Direct bandgap together with a small effective mass within a semiconductor material is a preferable combination in the design of radiation detectors and photovoltaic cells that enables the combination of high conductivity and light yield. Moreover, lower elastic strain energy density means less effort for reaching the same property design in ESE. The three objectives, however, generally cannot be minimized simultaneously, to give the hands-down best solution; instead, there exists a set of Pareto-efficient solutions, which do not allow for any member of a triplet ($E_{\mathrm{g}}$, $m_{cond}^ \ast$, and $h$) to improve (i.e., decrease) without negatively affecting the other two members. The 3D Pareto front of minimized $E_{\mathrm{g}}$, $m_{{\mathrm{cond}}}^ \ast$, and $h$, shown in Fig. 5b, indicates a compromise in simultaneously having a small bandgap and conductivity effective mass, where $h$ could increase to more than 120 meV/${\AA}^{3}$. It is not possible to achieve, for example, a near-zero bandgap and $m_{{\mathrm{cond}}}^ \ast < 0.25m_{\mathrm{e}}$ without paying a considerable penalty in $h$ by straining diamond, as indicated by the “infeasible region” in Fig. 5b. Also, it is likely to find higher $h$ values that correspond to the same combination of ($E_{\mathrm{g}}$, $m_{{\mathrm{cond}}}^ \ast$). In Fig. 5b, such elastic strain energy density values are associated with strain cases in the “feasible region”. In addition, Fig. 5c could serve as a blueprint to access all possible ($E_{\mathrm{g}}$, $m_{{\mathrm{cond}}}^ \ast$) combinations achieved by straining diamond in order to find the smallest elastic strain energy density ($h_{{\mathrm{min}}}$) for each combination. Note that it includes more ($E_{\mathrm{g}}$, $m_{{\mathrm{cond}}}^ \ast$) combinations and is not a projection of Fig. 5b onto the $E_{\mathrm{g}} - m_{{\mathrm{cond}}}^ \ast$ plane.

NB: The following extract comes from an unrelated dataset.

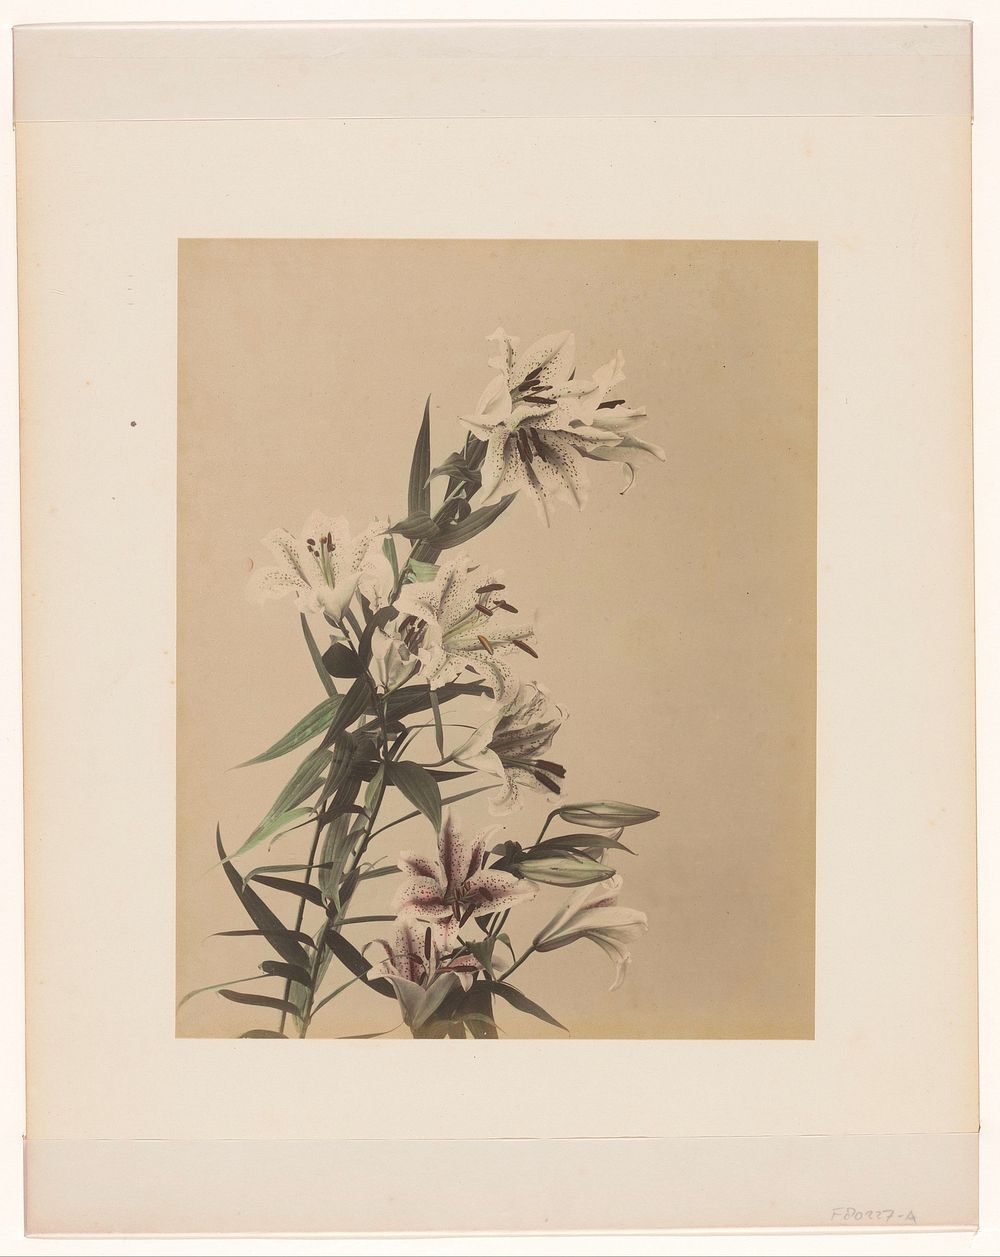 Tijgerlelies (1855 - 1890) by anonymous
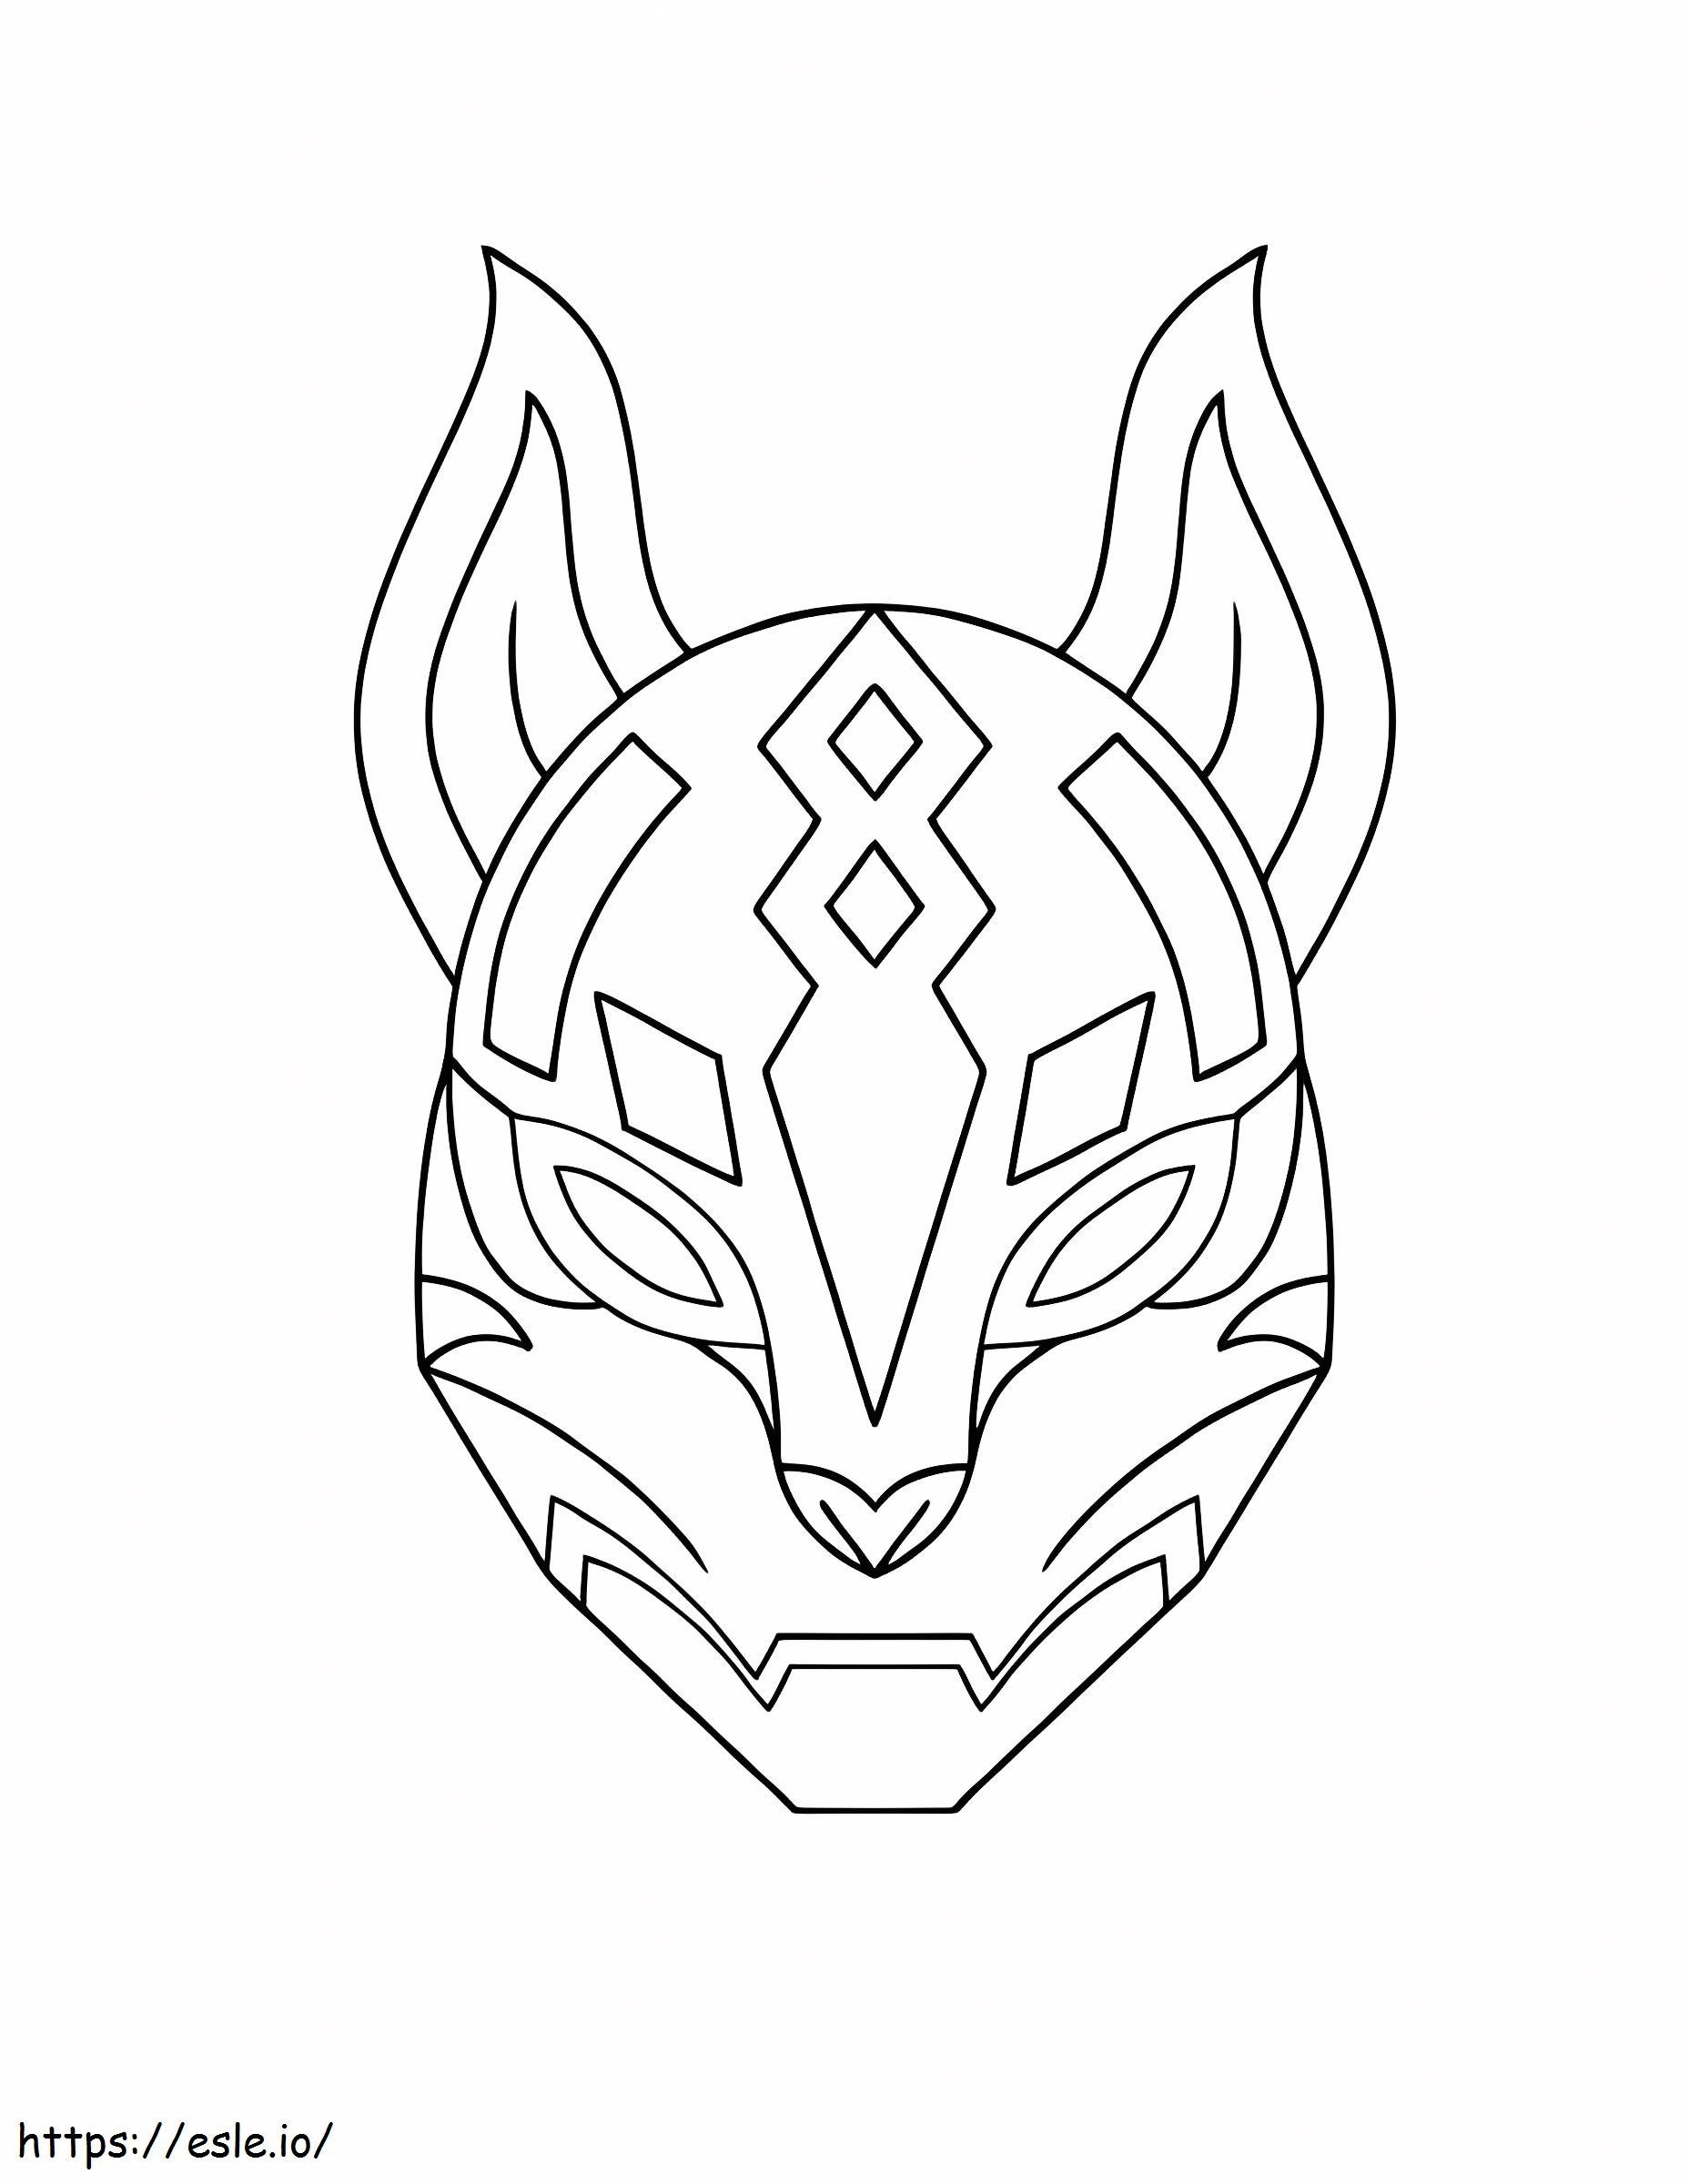 Máscara Kitsune básica para colorear

In summary, by recognizing that the band dispersion is structured and highly correlated in continuous ${\mathbf{k}},\;\varepsilon ,$and discrete n, the method presented in this work provides better approximation and less uncertainty in the estimation of key figures of interest in scientific and technological applications of semiconductors. This task is made possible through the implementation of physics-informed neural network architecture, synergistic PBE + GW data sampling, and active learning. Specifically, the CNN-based network structure we developed can handle the tasks of the fast query of properties of any electronic materials, including bandgap, band edges, and the energy difference between electron athermal (phonon-free) band transition, at accuracy on par with or better than their purpose-specific counterparts. Direct utilization of this fitting scheme on diamond reveals the strain levels where indirect-to-direct bandgap transition and insulator-to-metal transition take place.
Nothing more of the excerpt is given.